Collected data
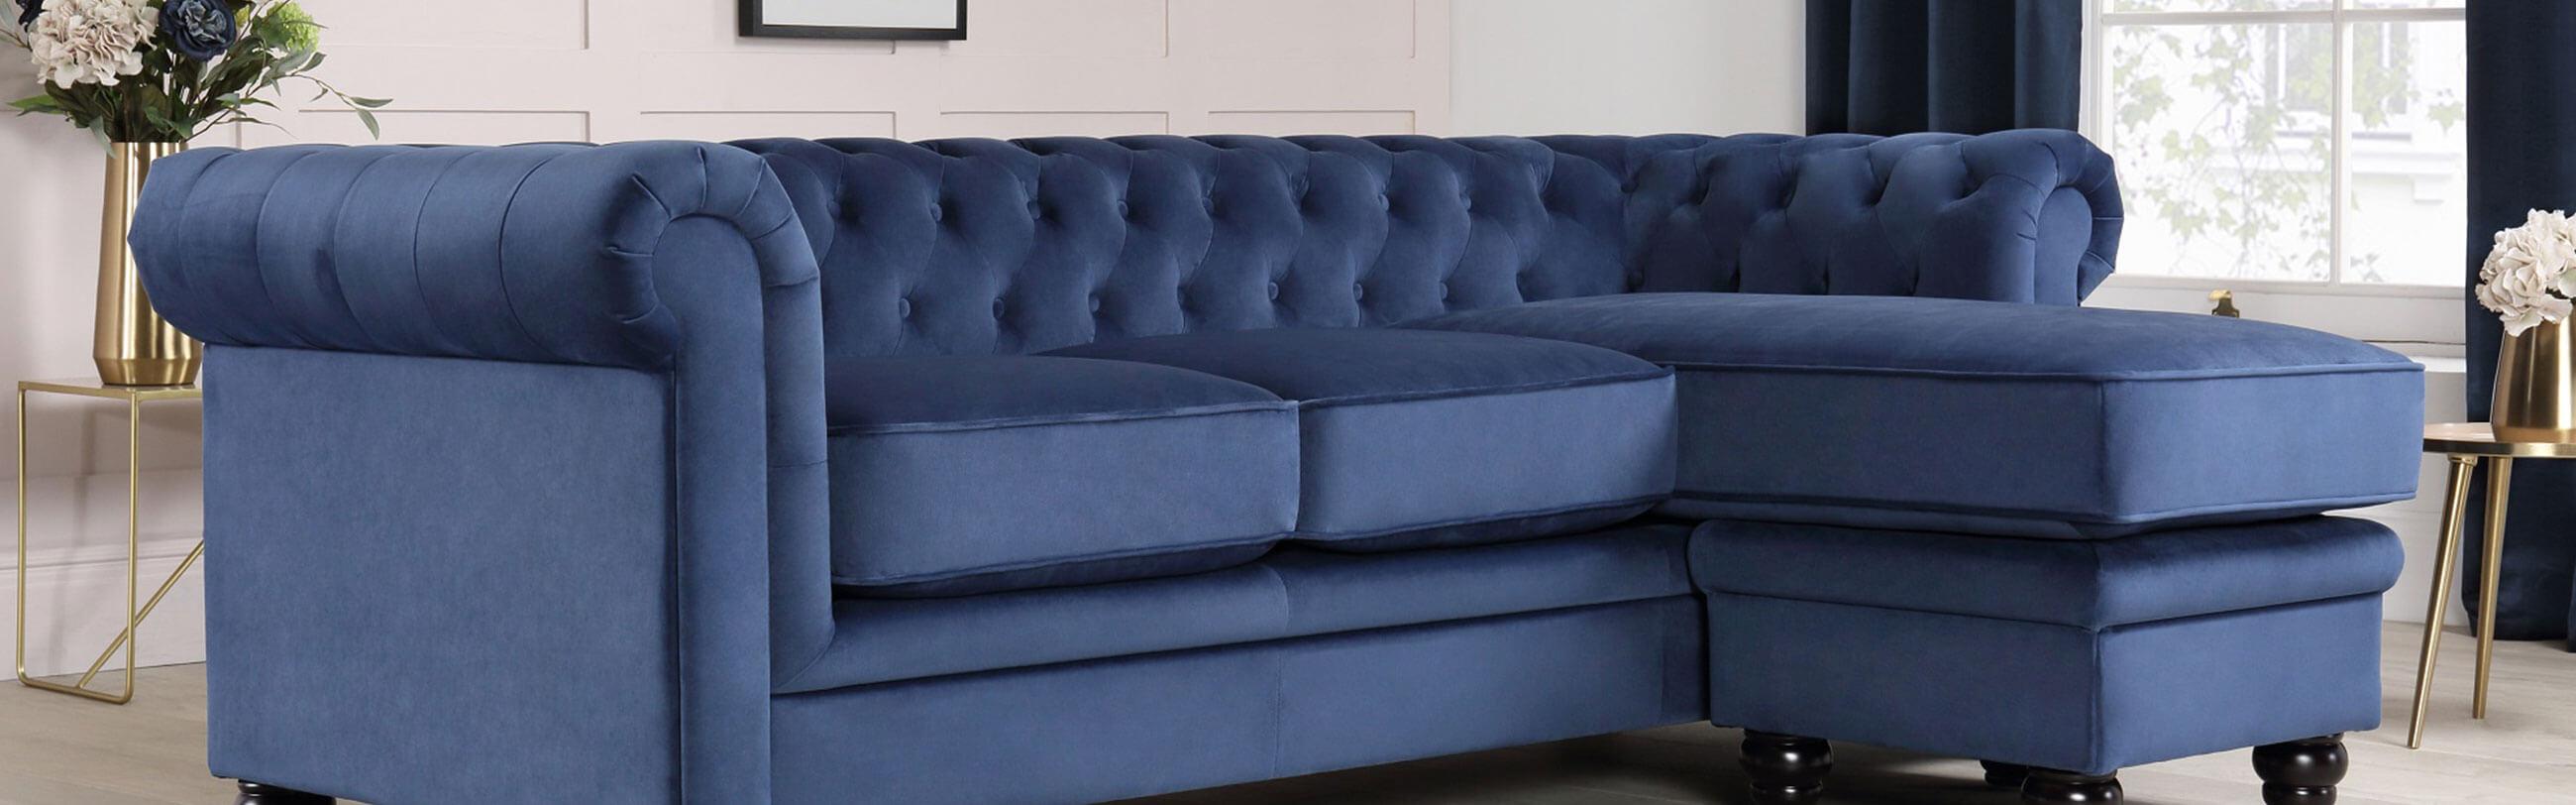 8 Ways To Style The Chesterfield Sofa, Are Chesterfield Sofas Out Of Style
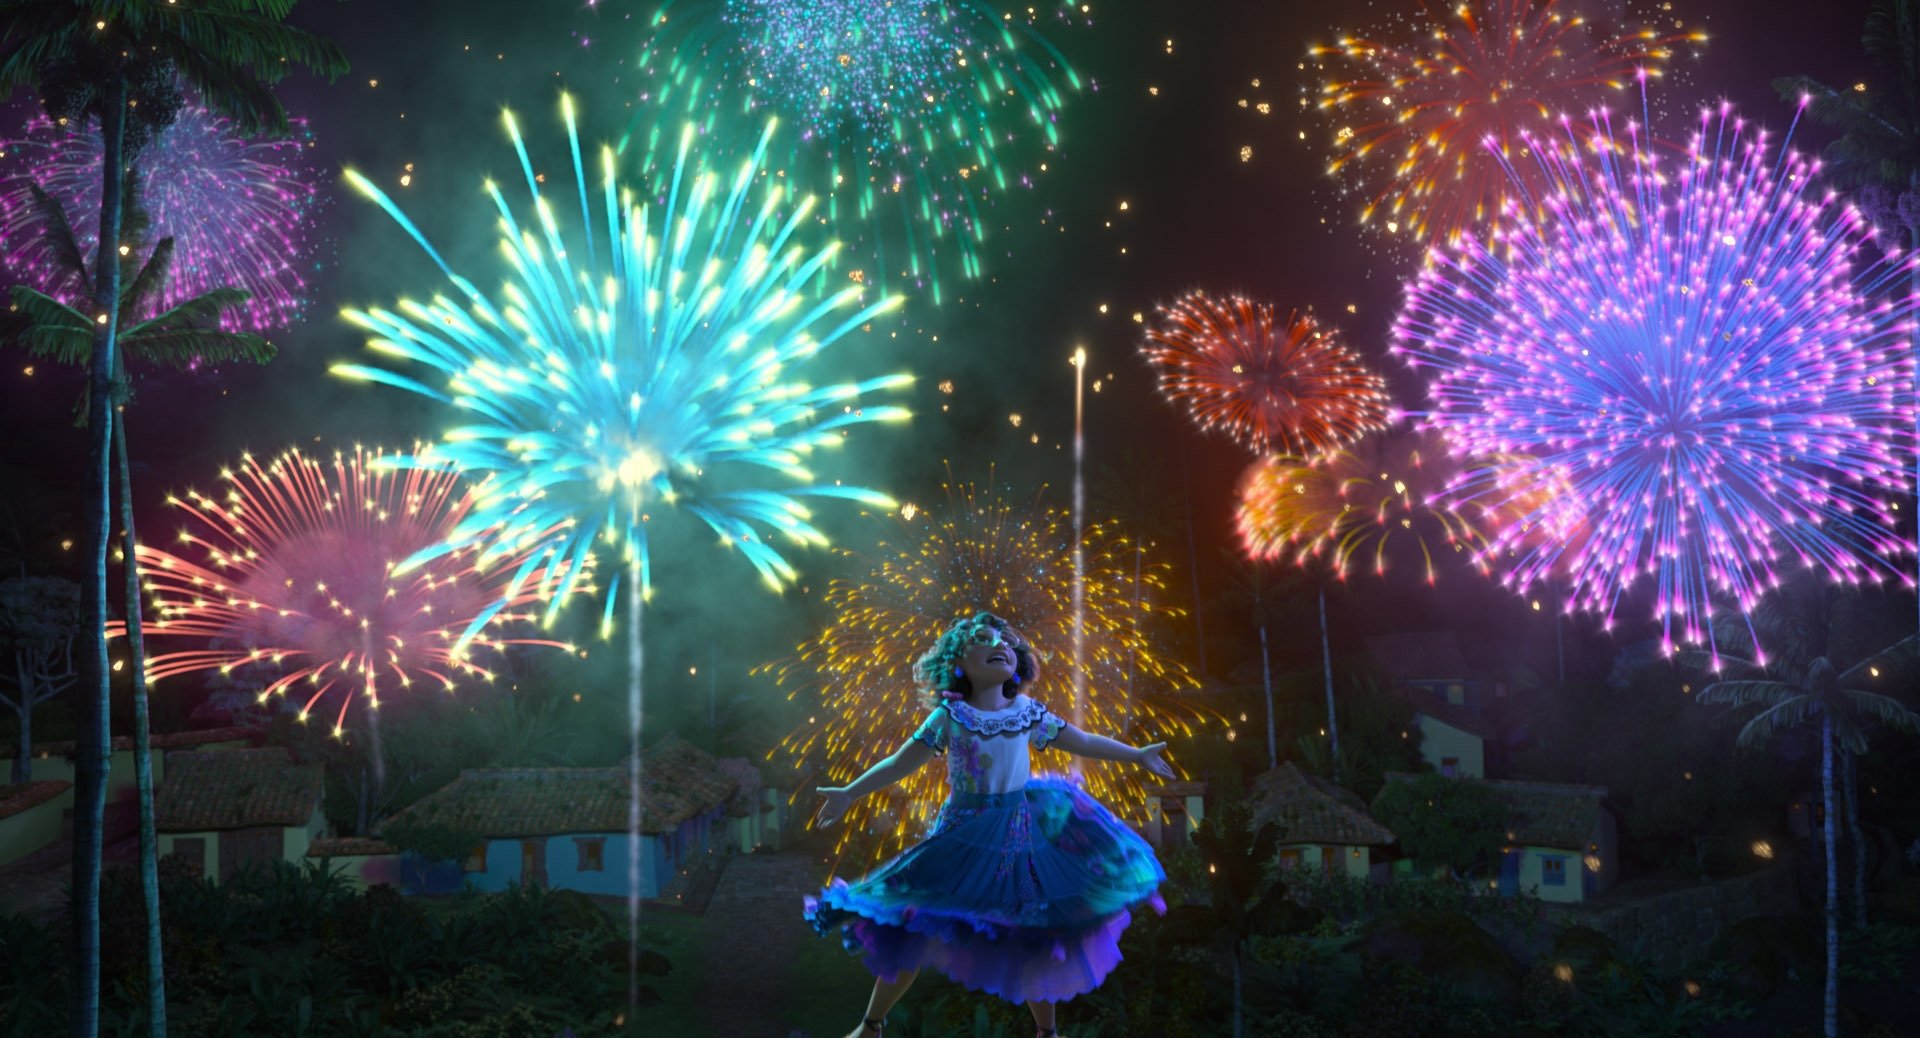 This image released by Disney shows Mirabel, voiced by Stephanie Beatriz, in a scene from the animated film 
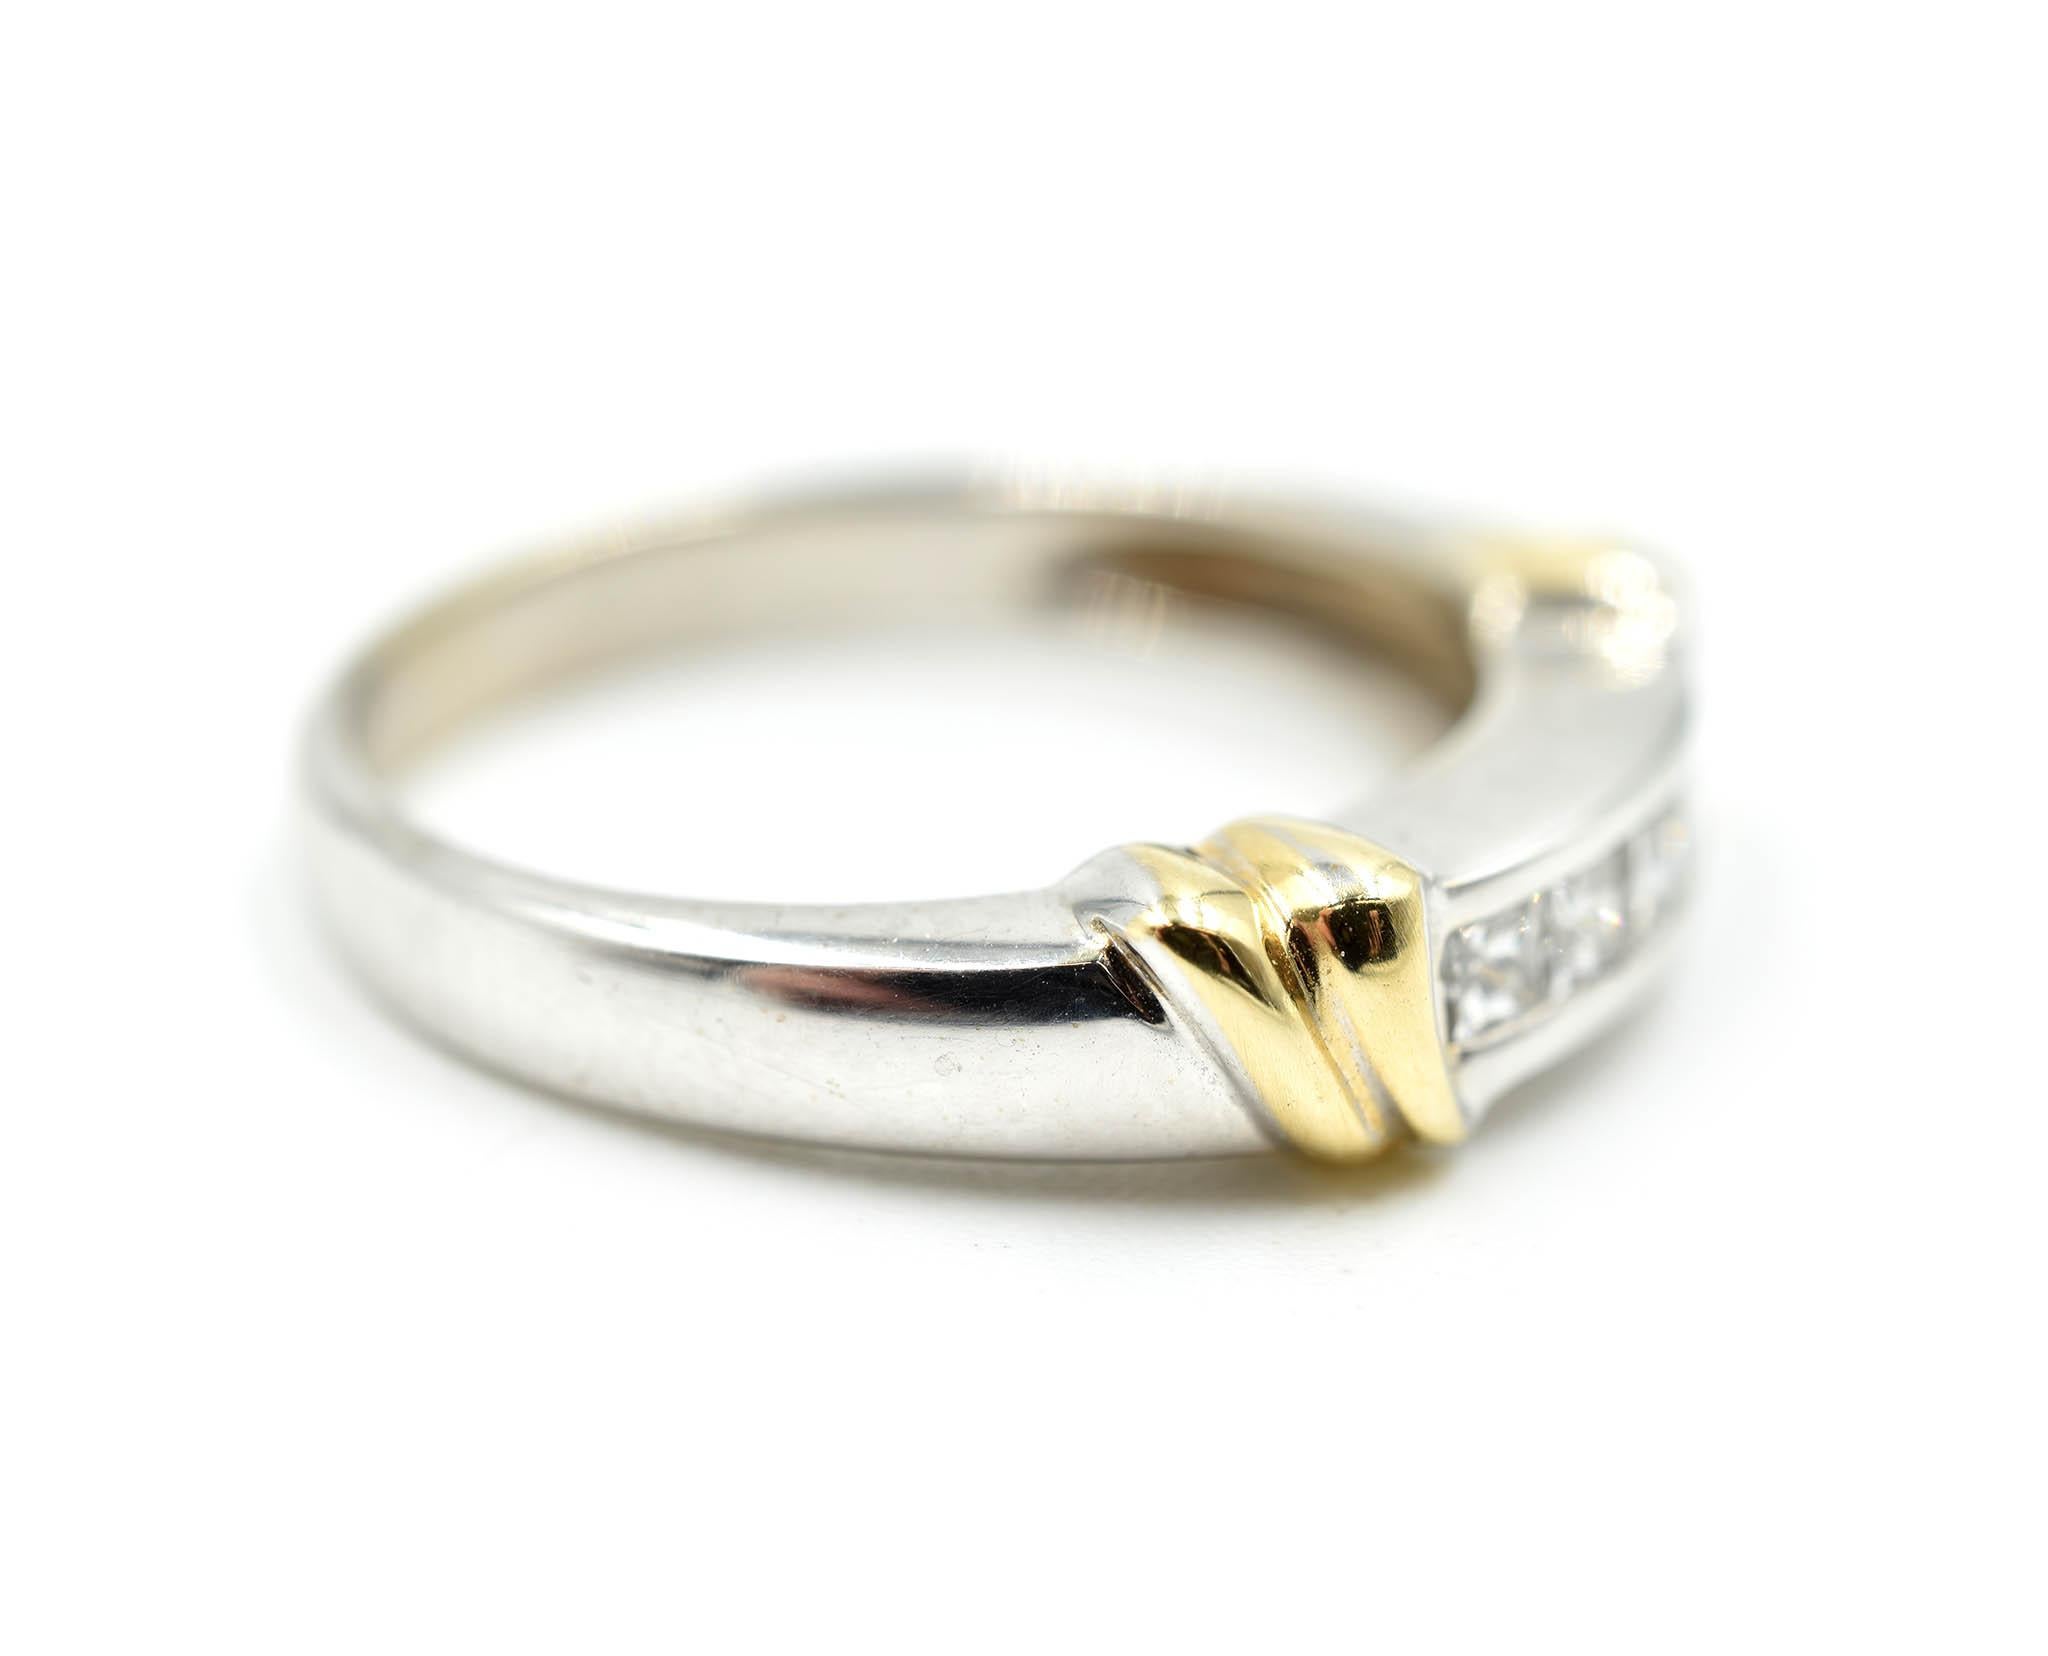 Designer: custom design
Material: 14k white/yellow gold
Diamonds: 6d = 0.50cttw
Ring size: 5.75 (please allow two additional shipping days for sizing requests)
Dimensions: band width measures 3.80mm
Weight: 4.38 grams

## AIM OF THE TASK
Since only the text is wanted, repeat all the records above exactly and omit the pictures.

## ANSWER BELOW
 8 Ways To Style The Chesterfield Sofa, Are Chesterfield Sofas Out Of Style
 This image released by Disney shows Mirabel, voiced by Stephanie Beatriz, in a scene from the animated film 
 Designer: custom design
Material: 14k white/yellow gold
Diamonds: 6d = 0.50cttw
Ring size: 5.75 (please allow two additional shipping days for sizing requests)
Dimensions: band width measures 3.80mm
Weight: 4.38 grams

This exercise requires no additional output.